- **Recorded data**:
##############################

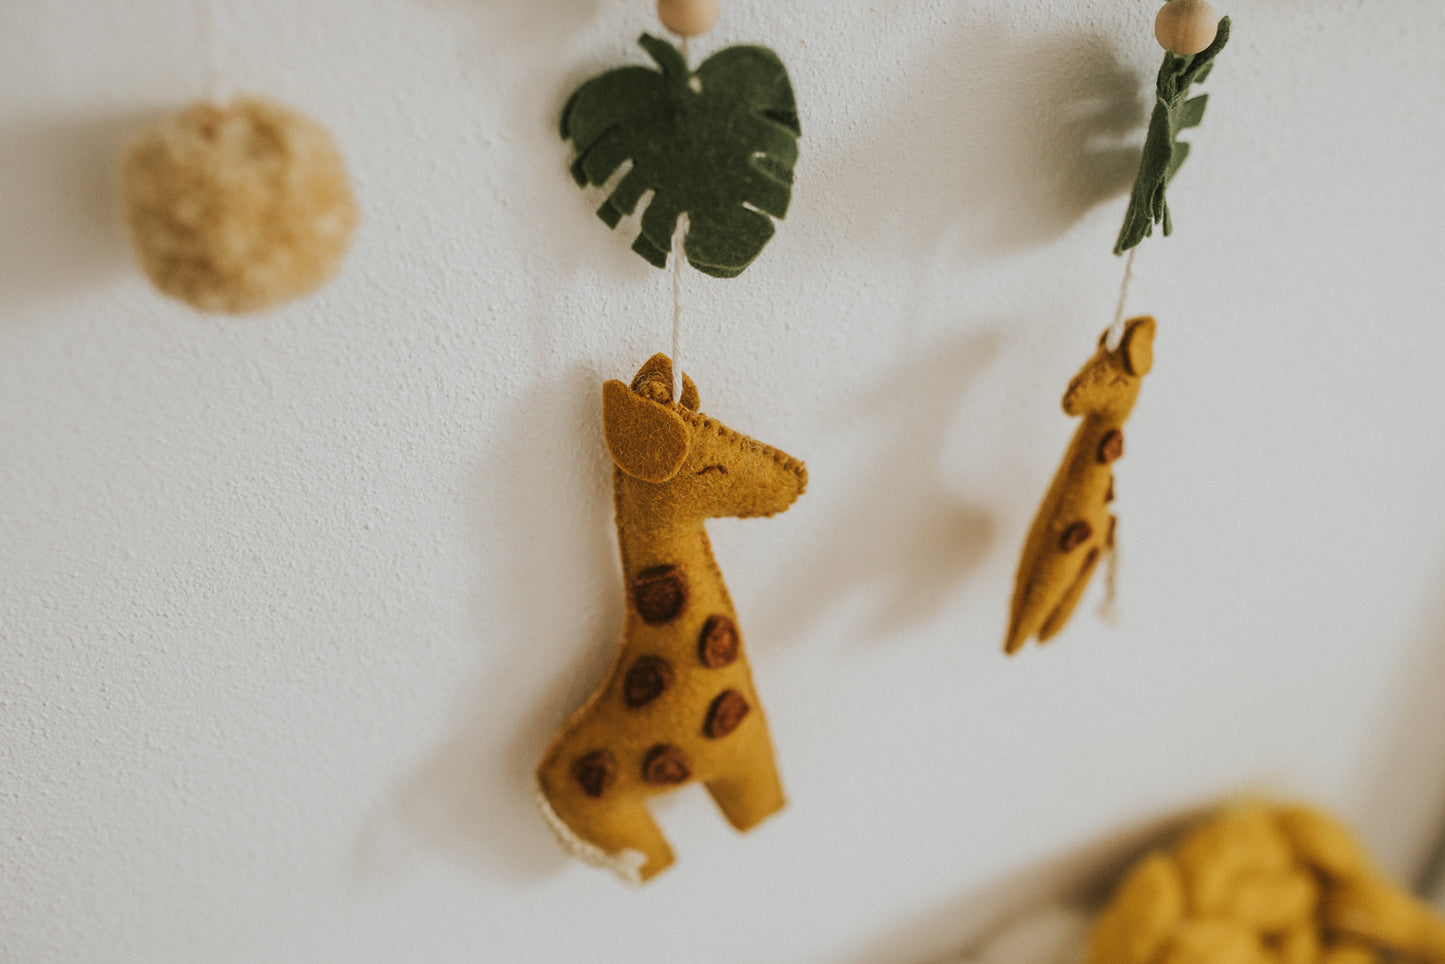 Wall hang " Moomy & giraffe baby"
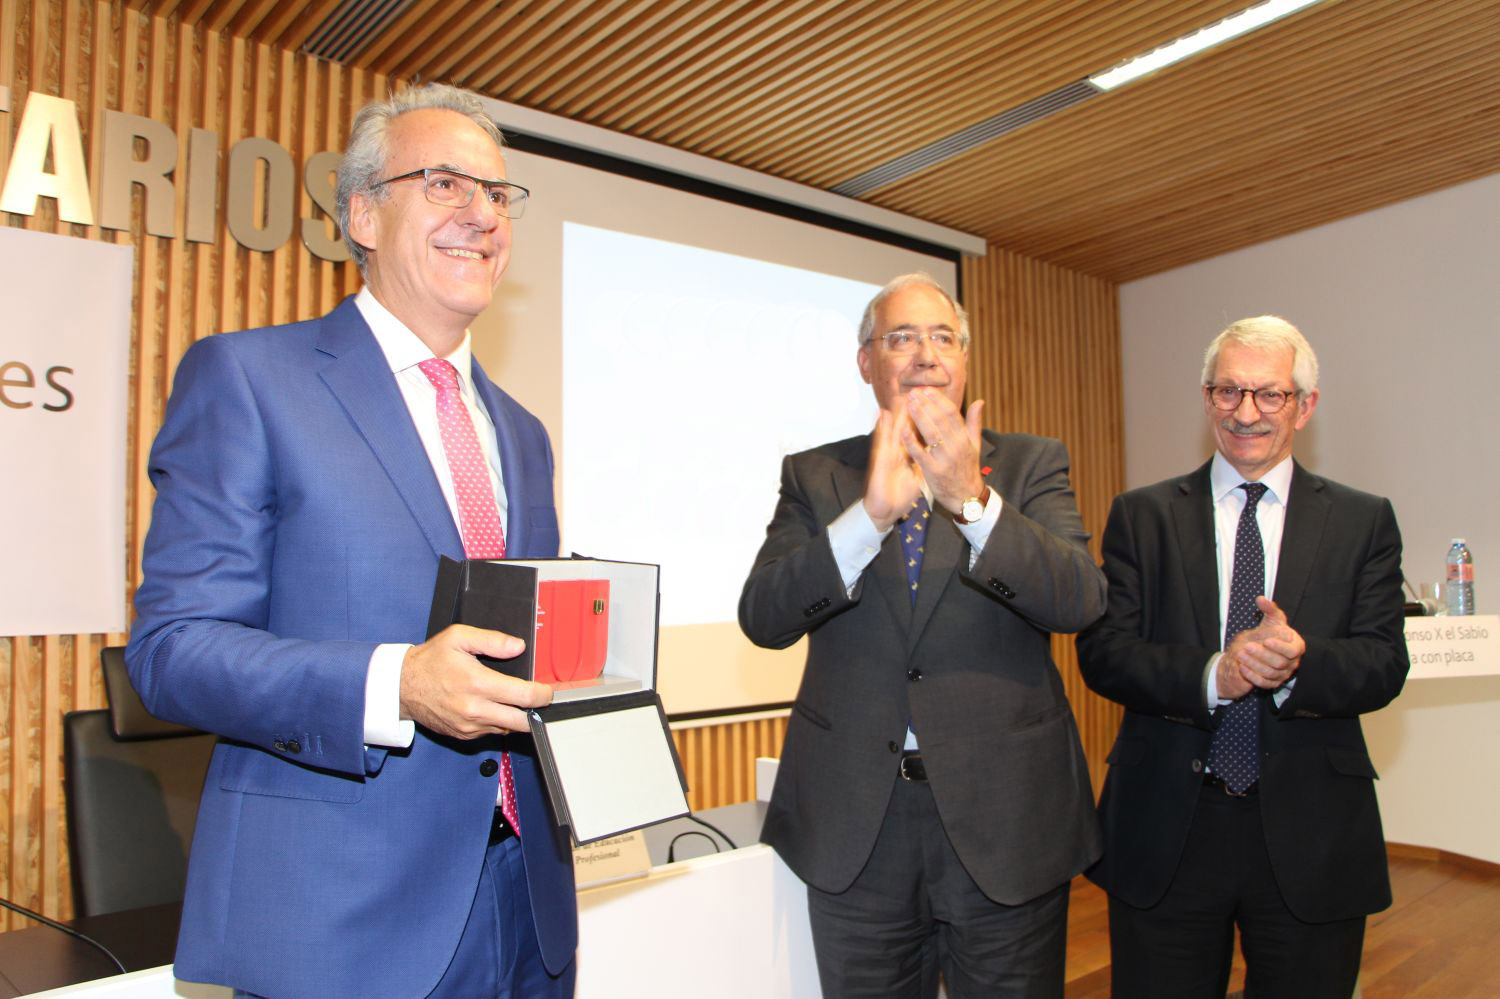 segundo-piriz-recibe-la-medalla-de-oro-de-crue-universidades-espanolas
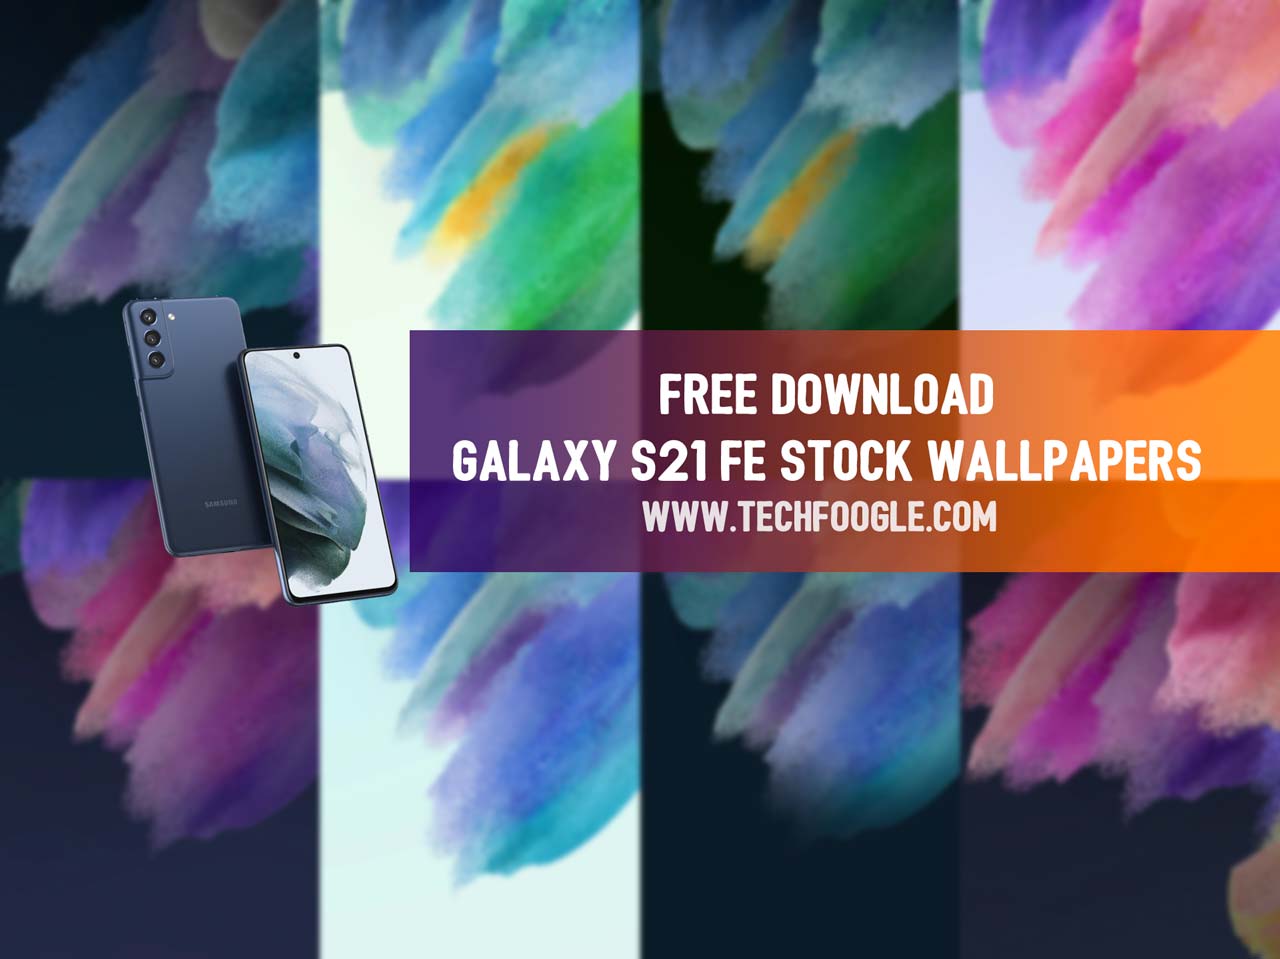 Hãy khám phá bộ sưu tập hình nền Samsung Galaxy S21 FE rực rỡ và đẹp mắt với nhiều tông màu tươi sáng, phù hợp với sở thích của bạn. Những bức ảnh trong bộ sưu tập này sẽ giúp cho màn hình điện thoại của bạn trở nên sinh động và bắt mắt hơn bao giờ hết.Đừng bỏ lỡ, hãy xem ngay thôi!
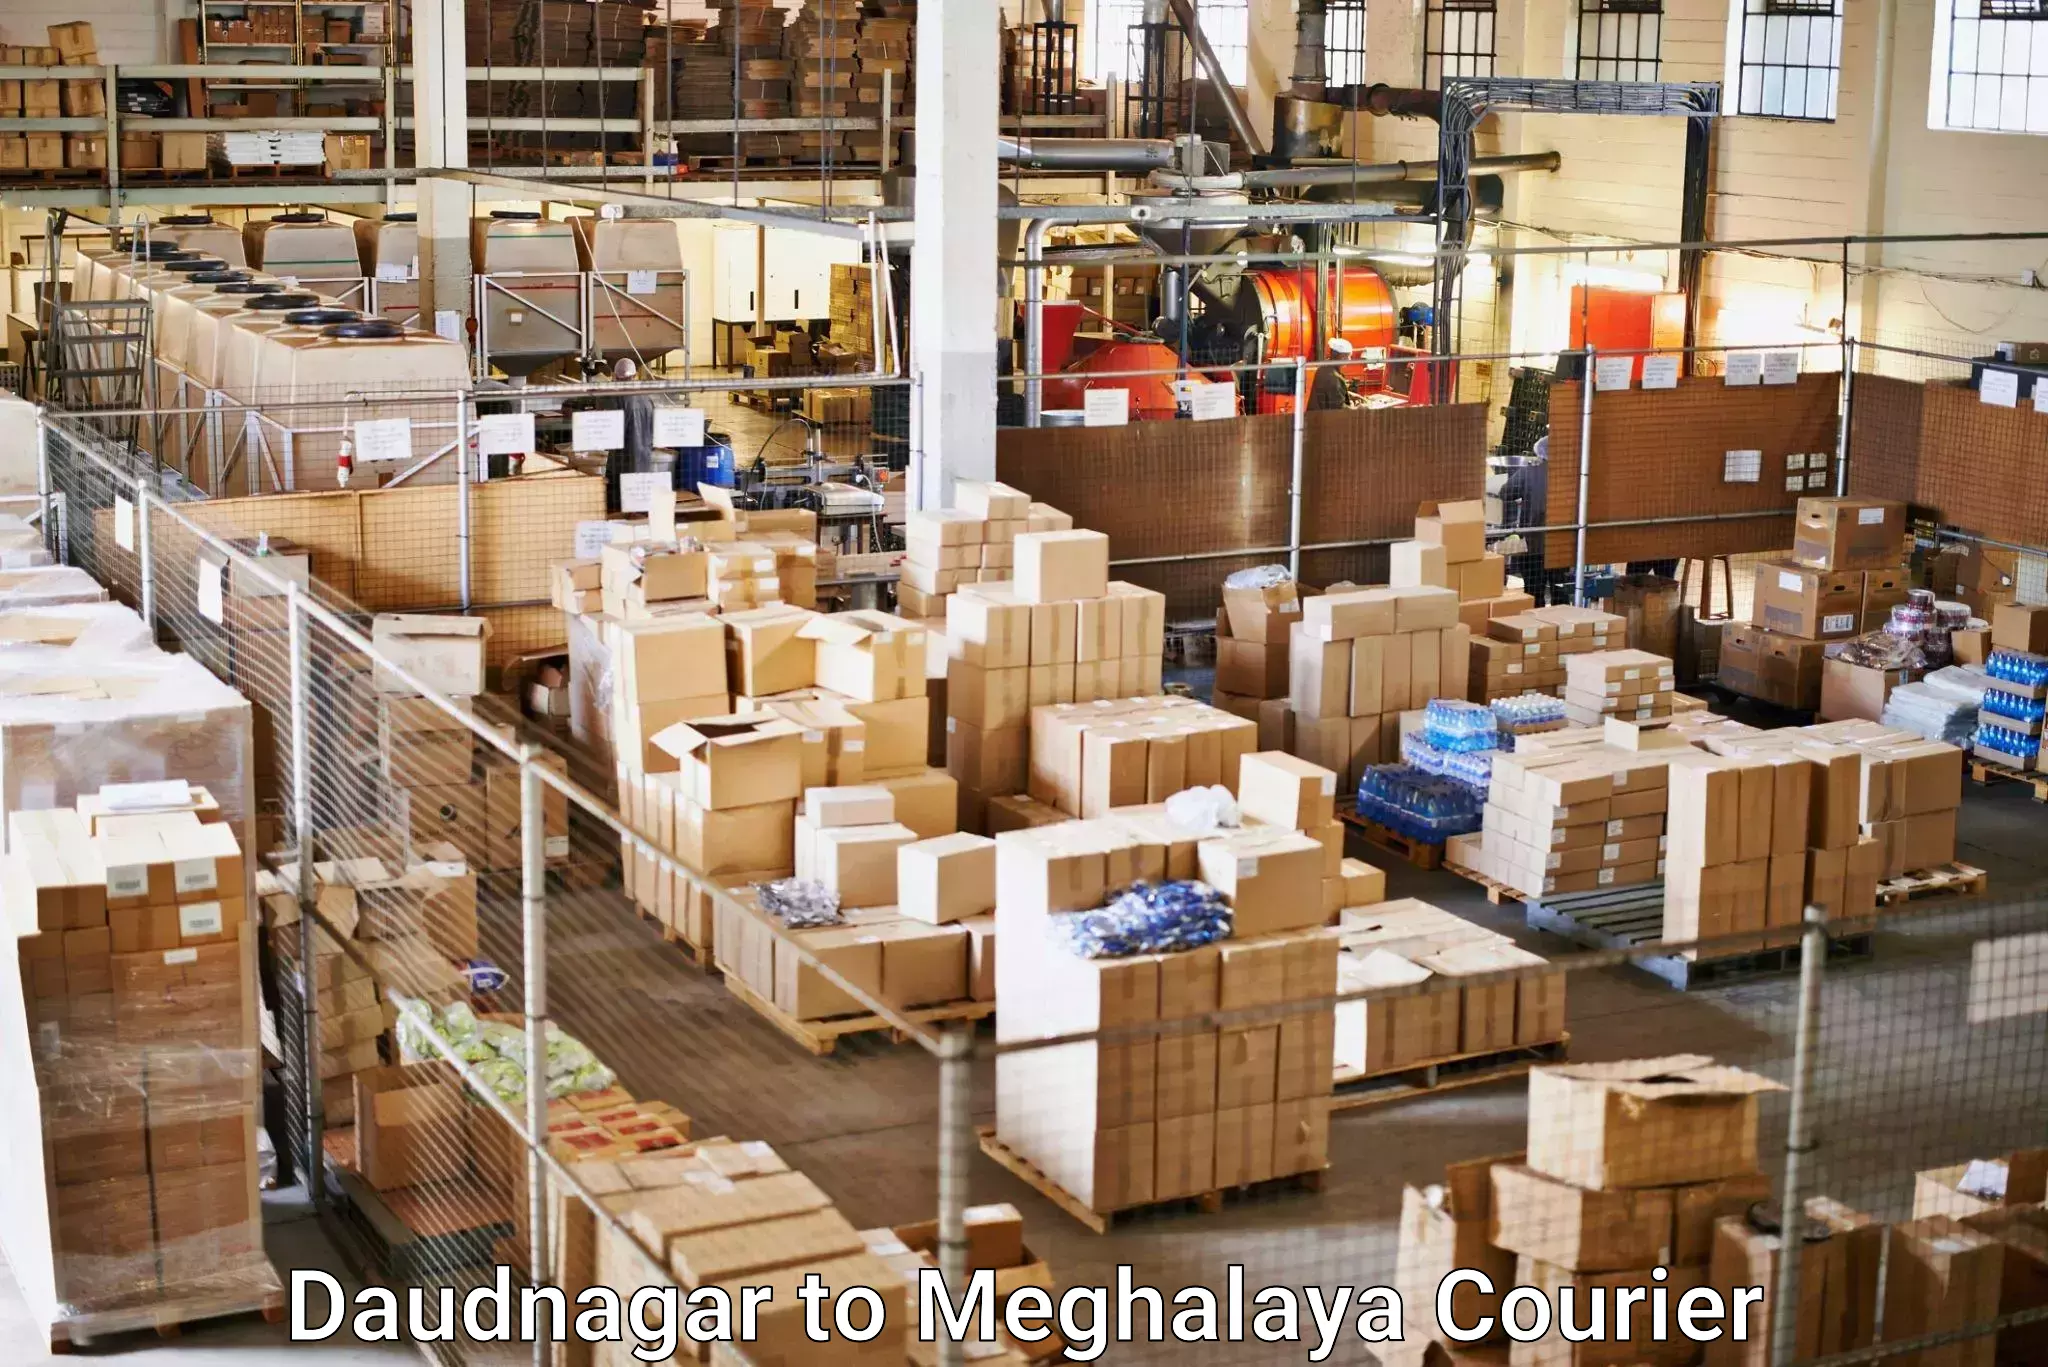 Customizable shipping options Daudnagar to Meghalaya

##############################

- **Work instructions**:
Line by line, reproduce the material above exactly, leaving each picture out.

- **Worked solution**:
 Wall hang " Moomy & giraffe baby"
 segundo-piriz-recibe-la-medalla-de-oro-de-crue-universidades-espanolas
 Hãy khám phá bộ sưu tập hình nền Samsung Galaxy S21 FE rực rỡ và đẹp mắt với nhiều tông màu tươi sáng, phù hợp với sở thích của bạn. Những bức ảnh trong bộ sưu tập này sẽ giúp cho màn hình điện thoại của bạn trở nên sinh động và bắt mắt hơn bao giờ hết.Đừng bỏ lỡ, hãy xem ngay thôi!
 Customizable shipping options Daudnagar to Meghalaya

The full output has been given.